A nice example is one CPU doing inc dword [foo] while another CPU does dec dword [foo] . After both instructions (on both CPUs) are executed the value should be the same as it originally was; but both CPUs could read the old value, then both CPUs could modify it, then both CPUs could write their new value; resulting in the value being 1 higher or 1 lower than you'd expect.

The solution was to use a #lock signal to prevent anything else from accessing the same piece of memory at the same time. Eg the first CPU would assert #lock then do it's read/modify/write, then de-assert #lock ; and anything else would see that the #lock is asserted and have to wait until the #lock is de-asserted before it can do any memory access. In other words, it's a simple form of mutual exclusion (like a spinlock, but in hardware).
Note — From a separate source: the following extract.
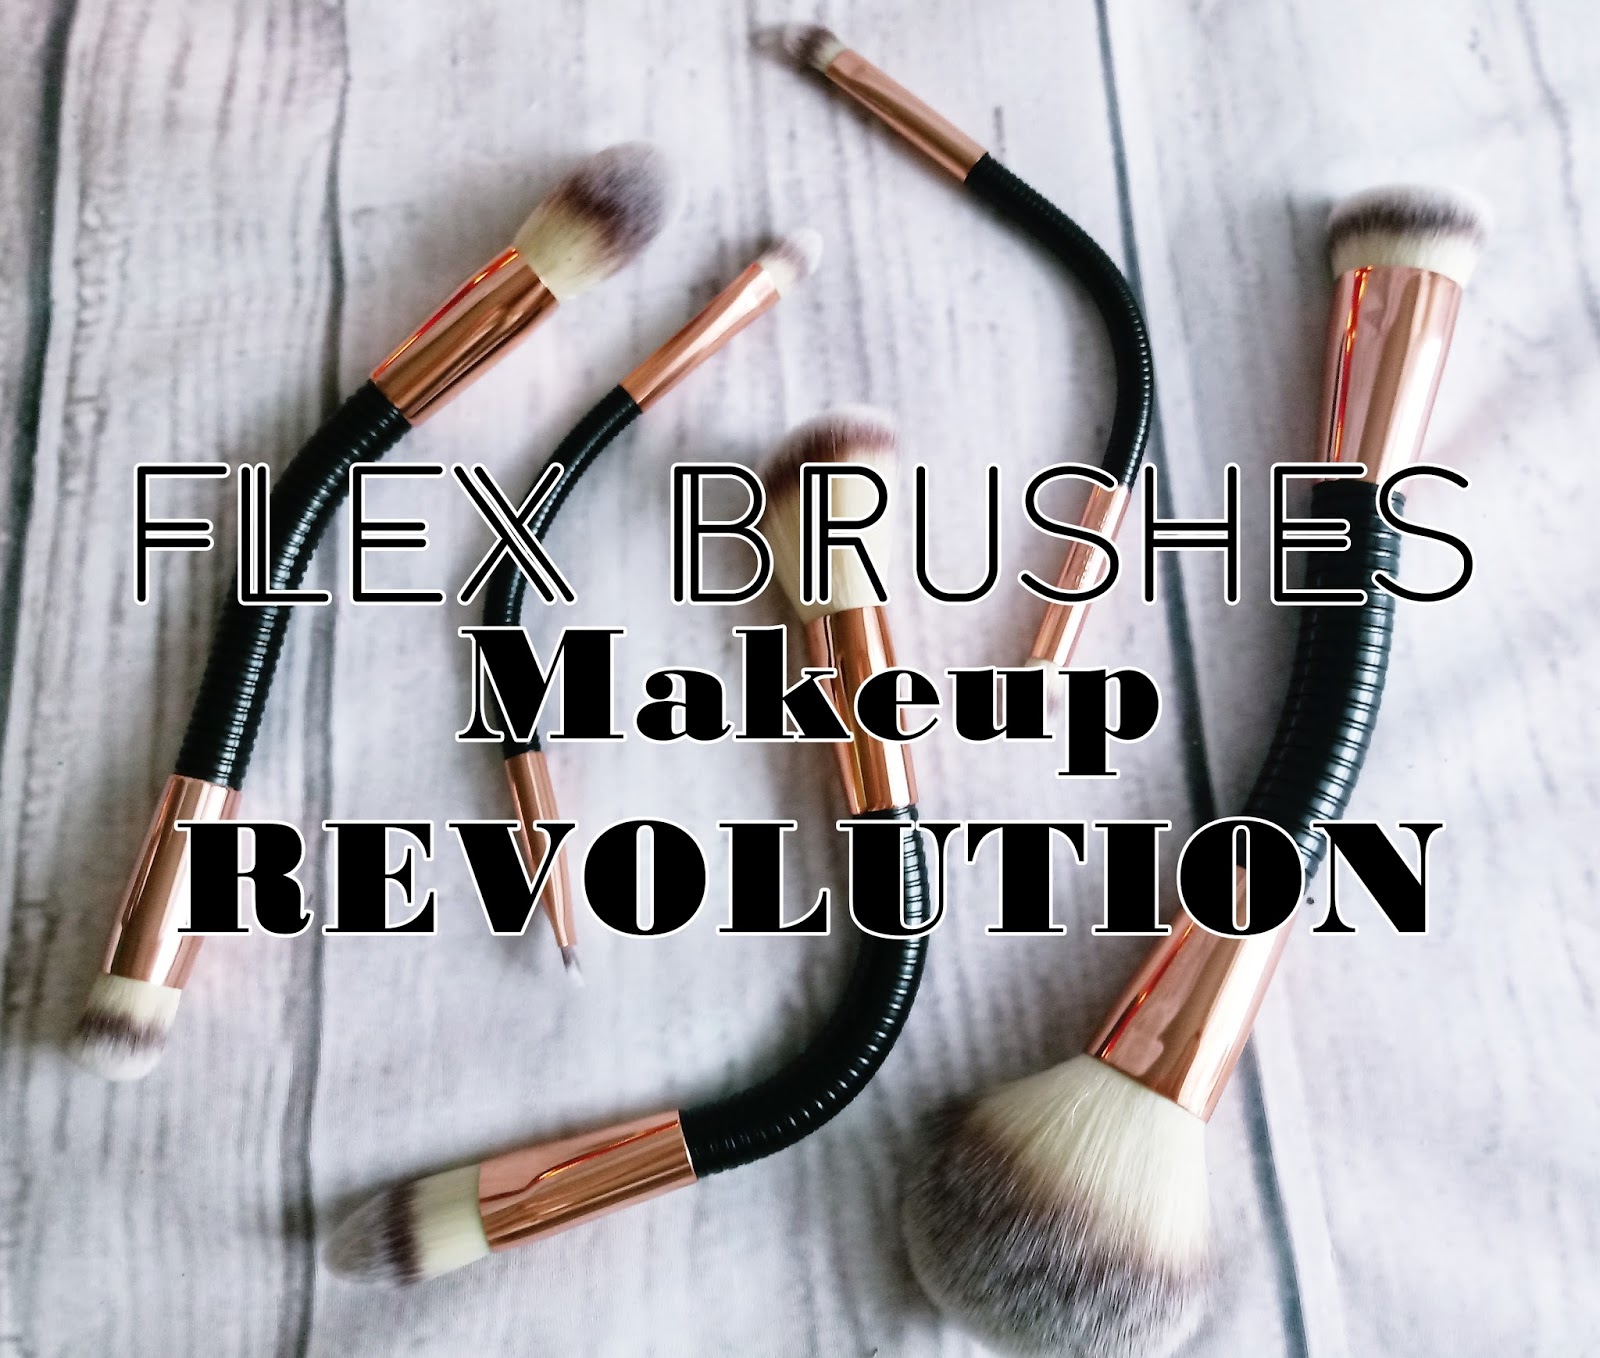 Makeup Revolution #FLEX BRUSHES

Of course "everything else has to wait" has a performance cost; so it's mostly only done when explicitly requested by software (eg lock inc dword [foo] and not inc dword [foo] ) but there are a few cases where it's done implicitly - xchg instruction when an operand uses memory, and updates to dirty/accessed/busy flags in some of the tables the CPU uses (for paging, and GDT/LDT/IDT entries). Also; later (Pentium Pro I think?), the behavior was optimized to work with cache coherency protocol so that the #lock isn't asserted if the cache line can be put in the exclusive state instead.

Note: In the past there have been 2 CPU bugs (Intel Pentium "0xF00F" bug and Cyrix "Coma" bug) where a CPU can be tricked into asserting the #lock signal and never de-asserting it; causing the entire system to lock up because nothing can access any memory.

1. Does this mean that any other computer device like GPU or something else can't have access to memory for example. Actually can other devices talk directly to RAM without passing first on the CPU.

Yes. If the #lock is asserted (which doesn't include cases where newer CPUs can put the cache line into the exclusive state instead); anything that accesses memory would have to wait for #lock to be de-asserted.

Note: Most modern devices can/do access memory directly (to transfer data to/from RAM without using the CPU to transfer data).

2. How does the processor know that it's in this locked state is it saved in a control or rflags register for example or what since I can't see how this operation works when having multicore CPU.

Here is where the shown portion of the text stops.